Single by Sharleen Spiteri

from the album Melody
- Released: 6 October 2008
- Recorded: London, U.K.
- Genre: Soul
- Length: 3:06
- Label: Mercury, Universal Music
- Songwriter(s): Sharleen Spiteri/Johnny McElhone
- Producer(s): Sharleen Spiteri

Sharleen Spiteri singles chronology
| "All the Times I Cried" (2008) | "Stop, I Don't Love You Anymore" (2008) | "It Was You" (2008) |

= Stop, I Don't Love You Anymore =

"Stop I Don't Love You Anymore" is the second single from Sharleen Spiteri's first solo album Melody. It was slated for release on 29 September 2008 but for unknown reasons this was pushed back to 6 October 2008 as a digital download only single. The song failed to chart in the top 100 UK singles, peaking only at number 107.

==Background==
Speaking in August 2008 to noted UK soul/R&B writer Pete Lewis of the award-winning 'Blues & Soul', Spiteri explained how the song and track first came about: "It was funny, because my daughter inspired me to write that title! She loves music, and we were upstairs singing away when she suddenly started going 'Stop, baby - I don't love you!'! And I was like 'That's IT! Stop, I don't love you anymore!'! You know, as a five-year-old she said in such a simple way exactly what I'd been trying to get across, but hadn't quite managed to come up with. And for the track's actual production, I was inspired by how - with a band like The Supremes - they'd have that big, vast orchestration and then put those beautiful, sweet vocals on top of it."

== Music video ==
The music video premiered on Spiteri's YouTube channel on 1 September 2008.

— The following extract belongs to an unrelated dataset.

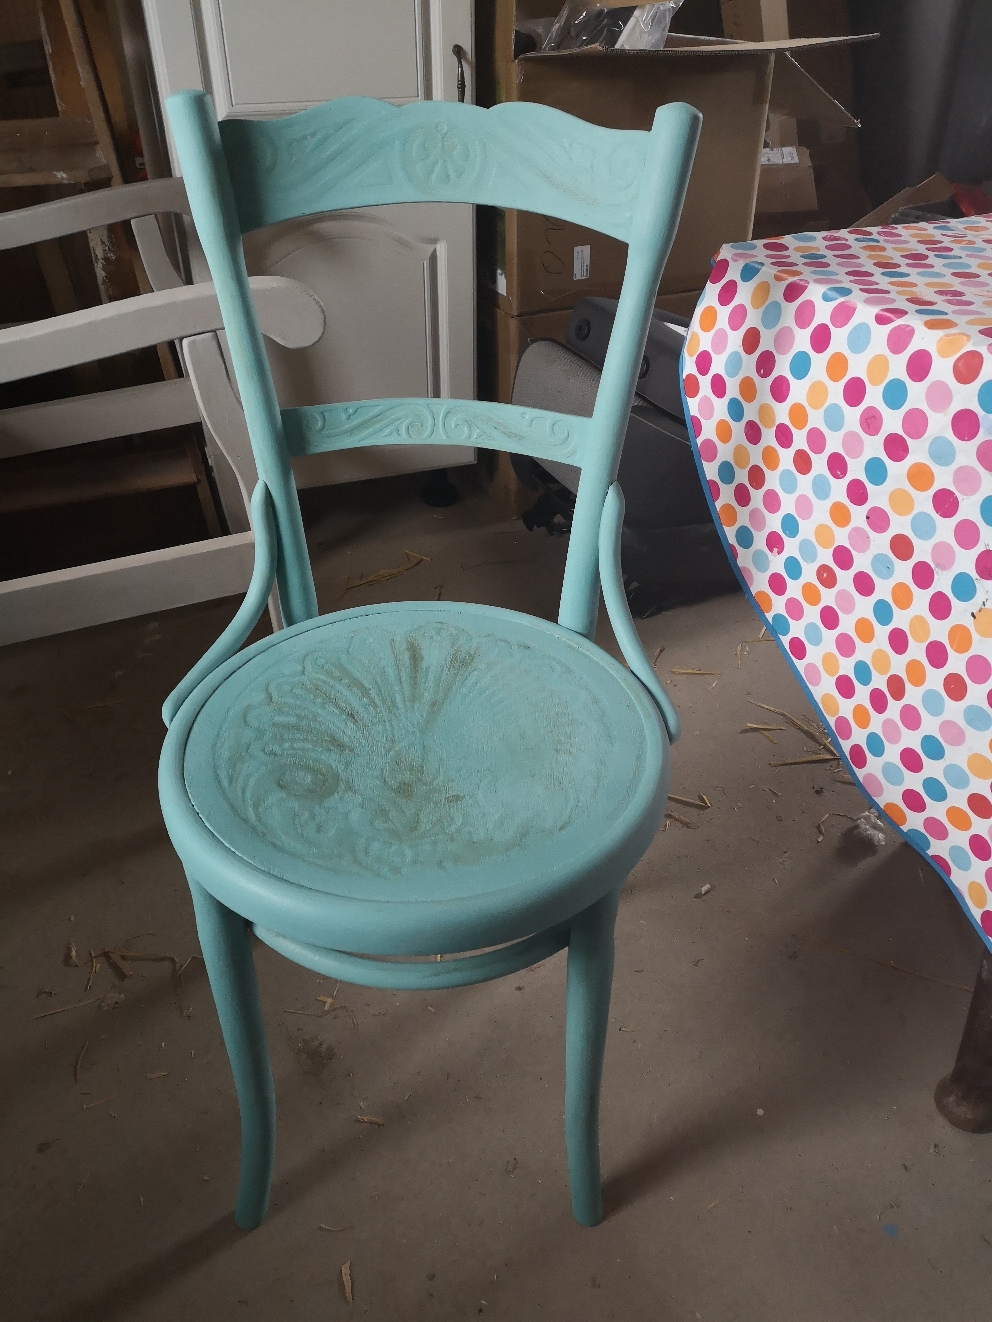 Nachher. Farbe Annie Sloan "Provence". Shabby Look mit dunklem Wachs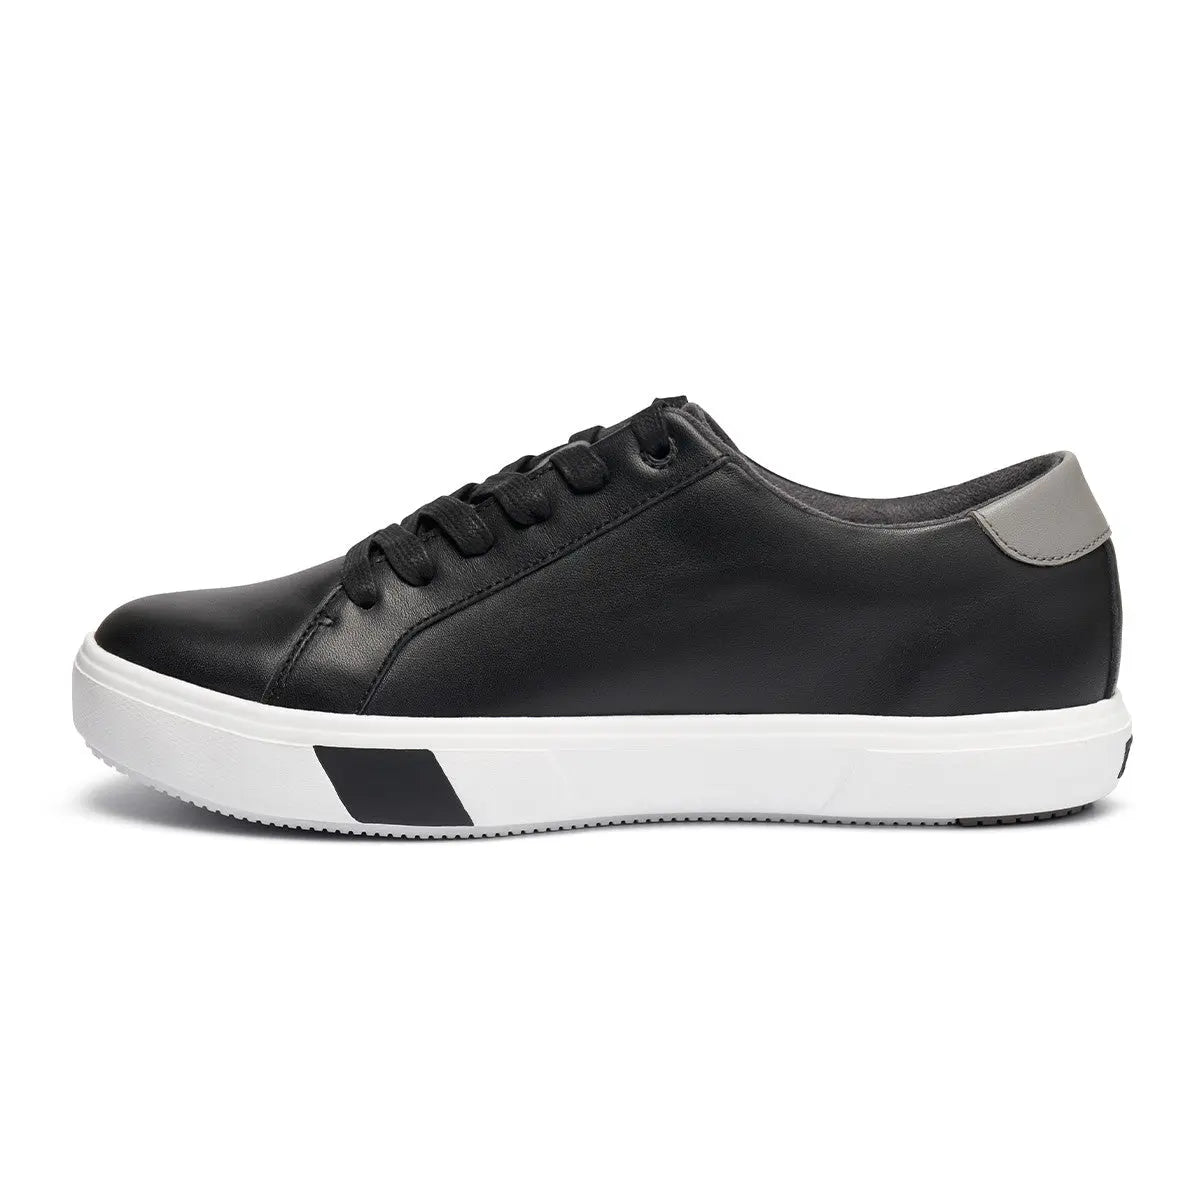 Anodyne Women's No.27 Casual Sneaker, Black with nappa leather

It begins with the title of the single appearing on a TV, then you see that a woman is watching the TV, as the camera pulls close to the TV Spiteri is seen singing. While she is singing, clips of couples are shown. While singing the word Stop, the word also goes across the screen followed by the words I Don't Love You Anymore. This repeats itself through the end of the video.